How Osborne's public sector pay cuts could harm services

The IFS warns that further cuts to pay could make it "increasingly difficult" for public sector employers to "retain and recruit high quality workers".

While average wages are forecast to finally rise faster than inflation next year, there'll be no end to the squeeze for public sector workers, who have had their pay increases capped at 1% until at least 2015-16 (a real-terms cut). The average worker is already £2,000 a year worse off compared with 2010 after the two-year pay freeze. (In the most recent quarter, their pay fell in nominal terms by 0.4%.) 

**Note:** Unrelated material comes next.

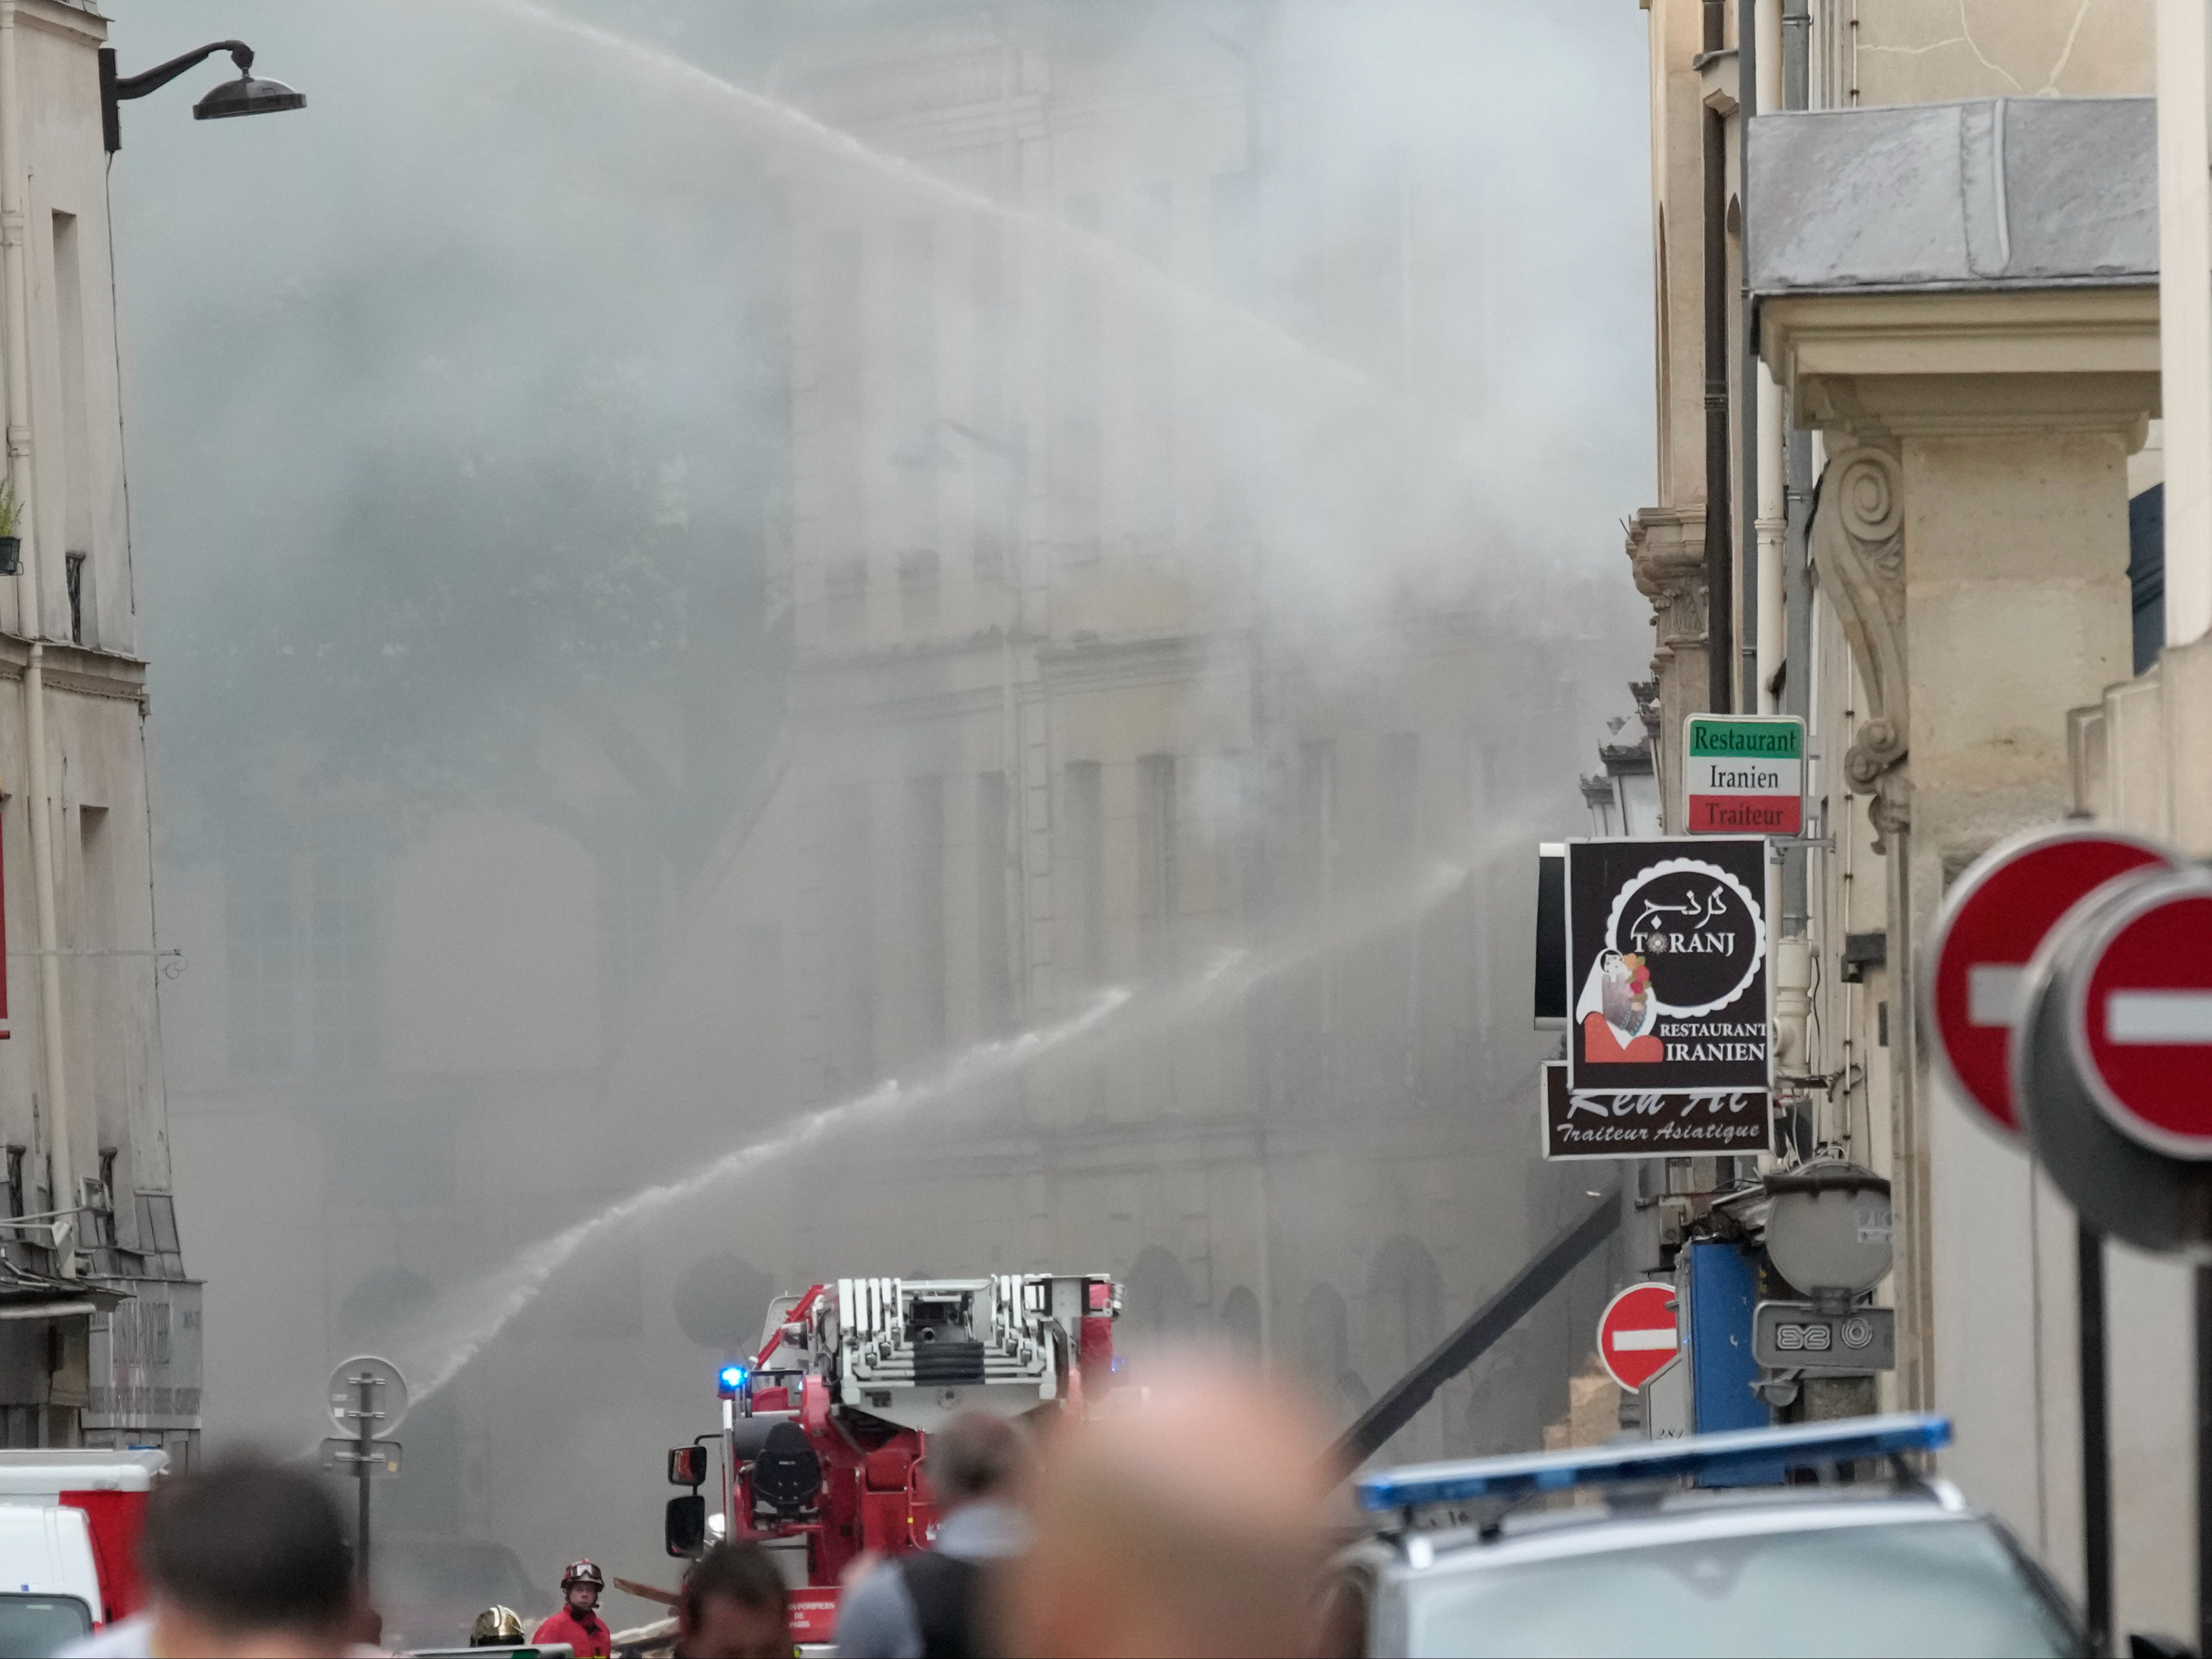 Firemen use a water canon to put out the blaze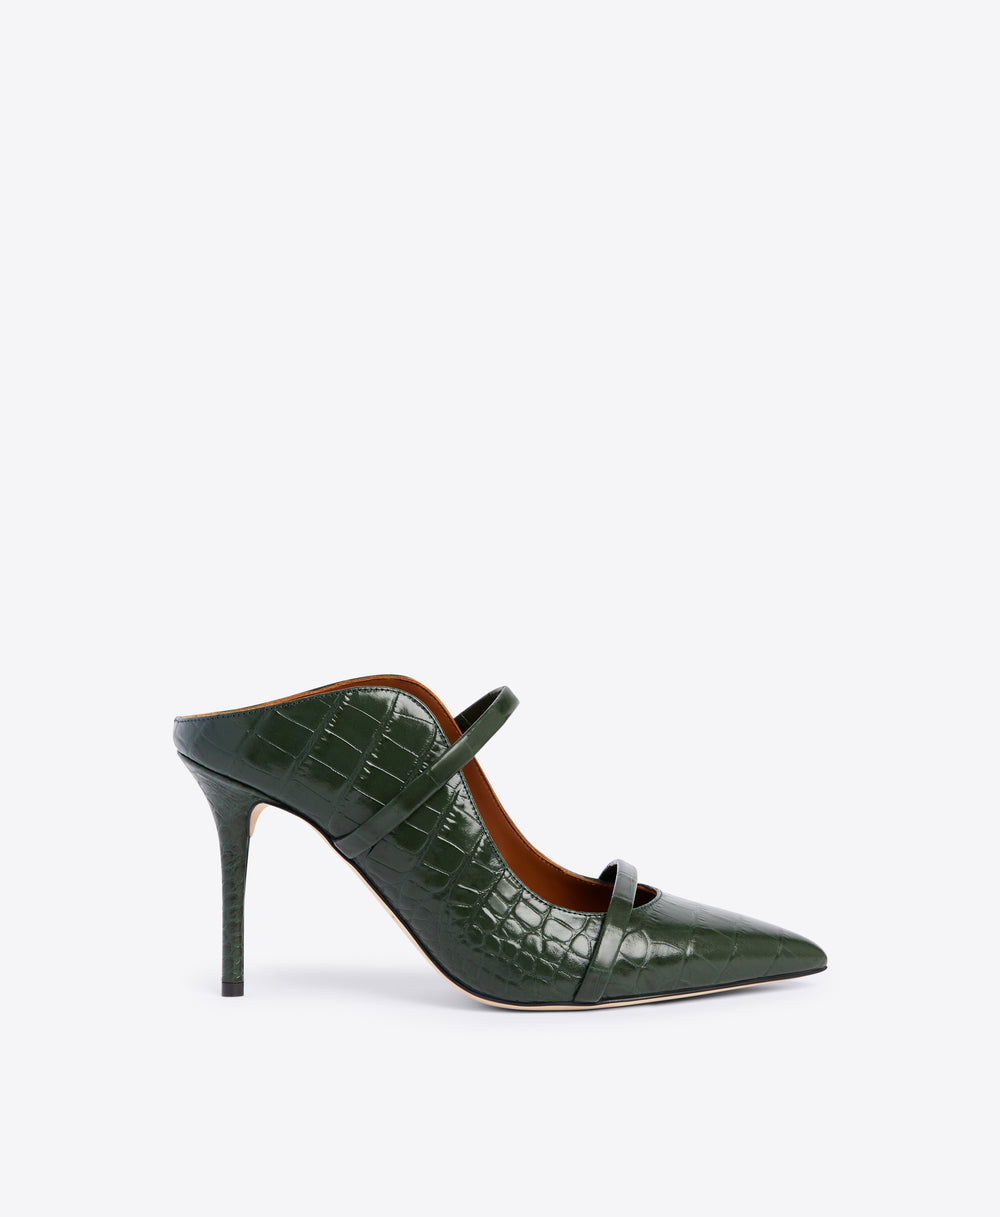 Double Strap Mules in Pine Green - Pointed Toe on Stiletto | Malone Souliers

Based on current trends, the OBR forecasts that public sector will fall by 8% relative to private sector pay between 2012-13 and 2018-19. In a new analysis today, the IFS warns that, as a result, "some public sector employers may well find it increasingly difficult to retain and recruit high quality workers". it adds: "both the government and pay-review bodies need to pay great attention to indicators of whether the public sector is facing any difficulties in recruiting and retaining high-quality staff, and decide on settlements in light of any such evidence." 

Alternative, it says, the government could increase the level of public sector job cuts beyond the (remarkable) 1.1 million planned by 2018-19. But this, too, would risk harming services. The longer austerity continues, the clearer the consequences for public services (and those most reliant on them) will become. The IFS has forecast that merely to maintain the current level of cuts, taxes or welfare cuts will need to increase by £12bn. If Labour and the Lib Dems intend to avoid sticking to Osborne's plans, the urgent question is how they will fill this fiscal gap. 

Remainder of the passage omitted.